The positive news is that if you want to break your sweet chocolate obsession, it’s totally possible by switching to bitter dark chocolate.

Senior lecturer at Deakin University at the school of Exercise and Nutrition Science, Dr Gie Liem, says that repeat exposure is key to develop a preference for bitter tasting dark chocolate.

The more years we spend consuming bitter flavours, and in particular bitter dark chocolate, the more likely we are to enjoy the taste of dark chocolate in adulthood.

He explains that the two basic tastes in chocolate – among a wide variety of other flavours – are sweet and bitter.

“It’s been shown that people feel more satisfied or full, and feel less desire to eat something sweet, fatty or savoury, after they consume dark chocolate compared to milk chocolate.”

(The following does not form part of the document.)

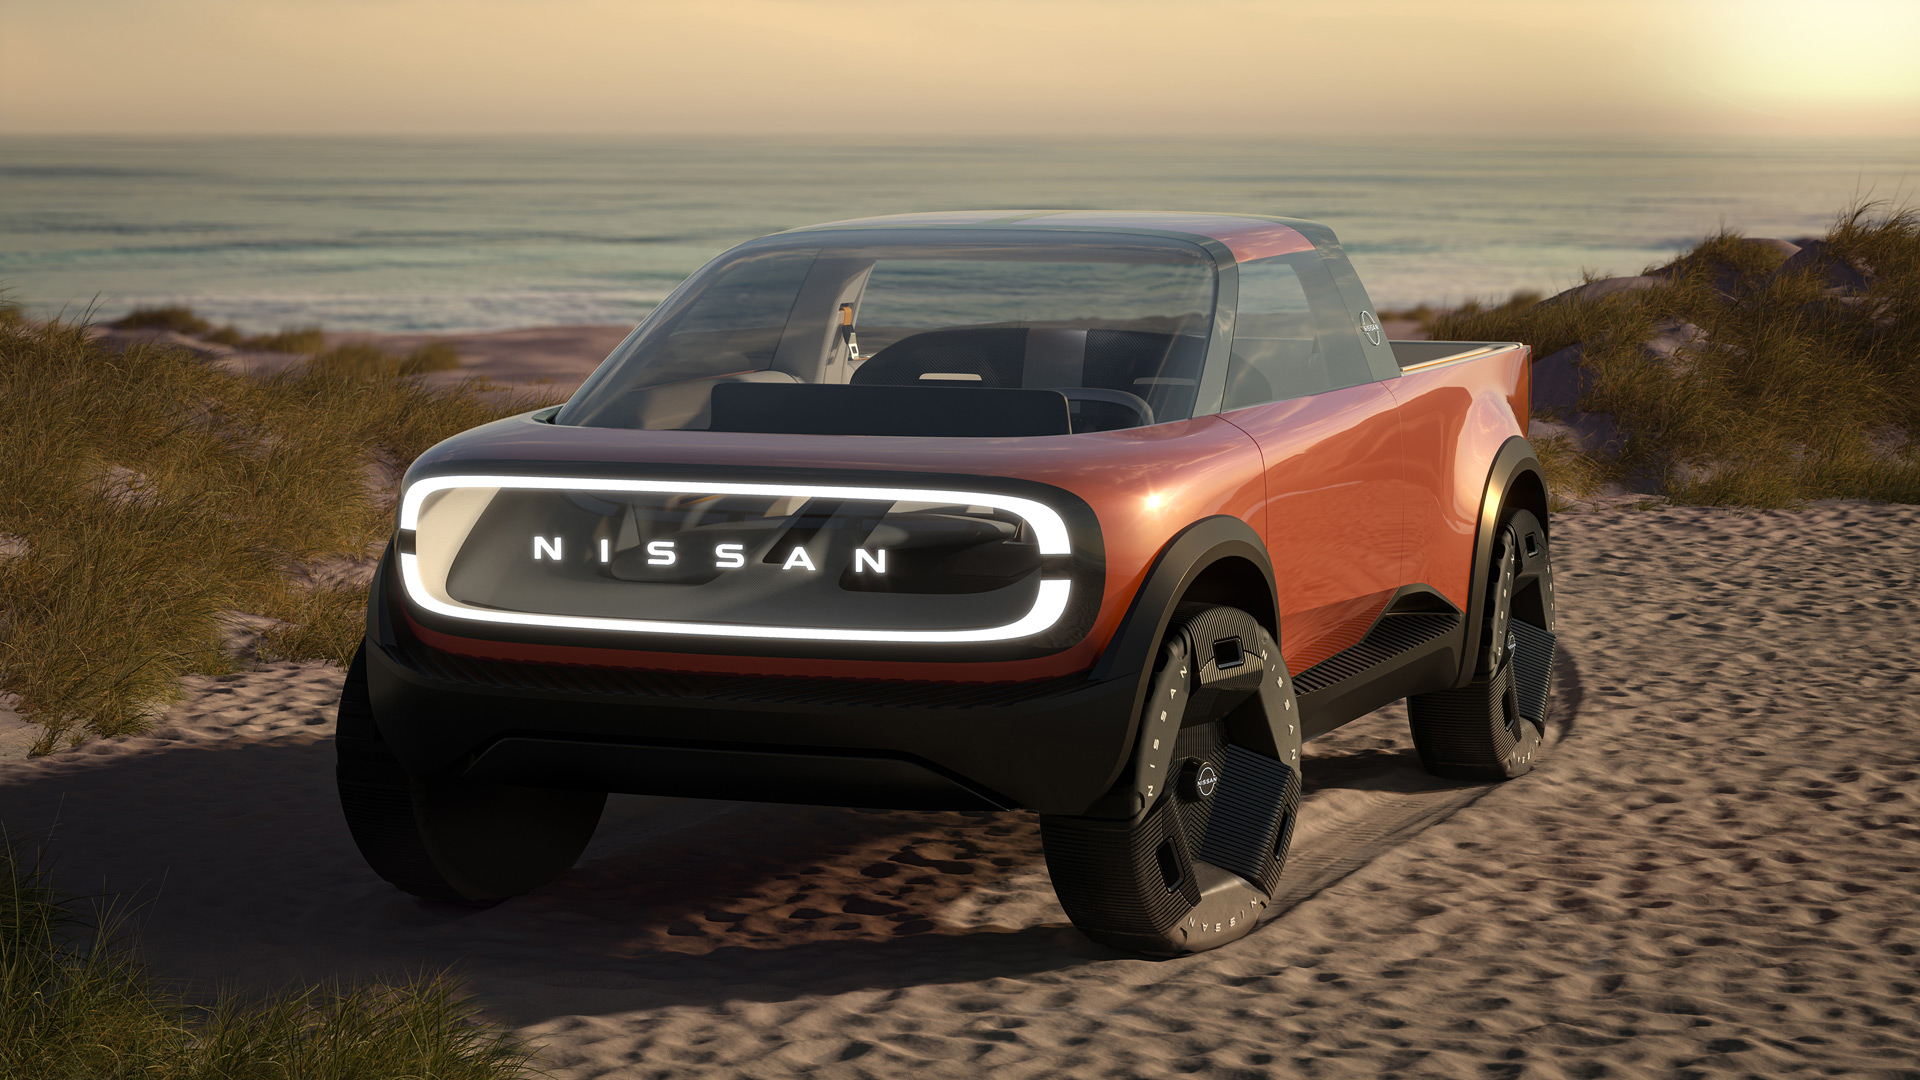 Nissan is reportedly studying an electric pickup truck for the US

“Most chocolate contains a considerable amount of sugar, with milk chocolate being approximately 45 per cent sugar and dark chocolate going from 0-to-45 per cent, depending on brand and type,” comments Dr Liem.

“A dislike for bitter taste is actually rather functional, because many toxic foods in nature taste bitter.

“So children, in general, dislike bitter notes in foods, while adults learn to enjoy some bitter foods such as coffee, alcohol or dark chocolate. This is likely to be related to repeated exposure and the positive post-ingestive consequences of these foods. We feel good after we eat them.”

Dr Liem says choosing bitter dark chocolate over sweeter milk or white chocolate has one main advantage: we may end up eating less of it.

“The intense flavour of bitter chocolate and the usually harder texture causes us to stop sooner than if we were to eat milk chocolate.

“It’s been shown that people feel more satisfied or full, and feel less desire to eat something sweet, fatty or savoury, after they consume dark chocolate compared to milk chocolate.”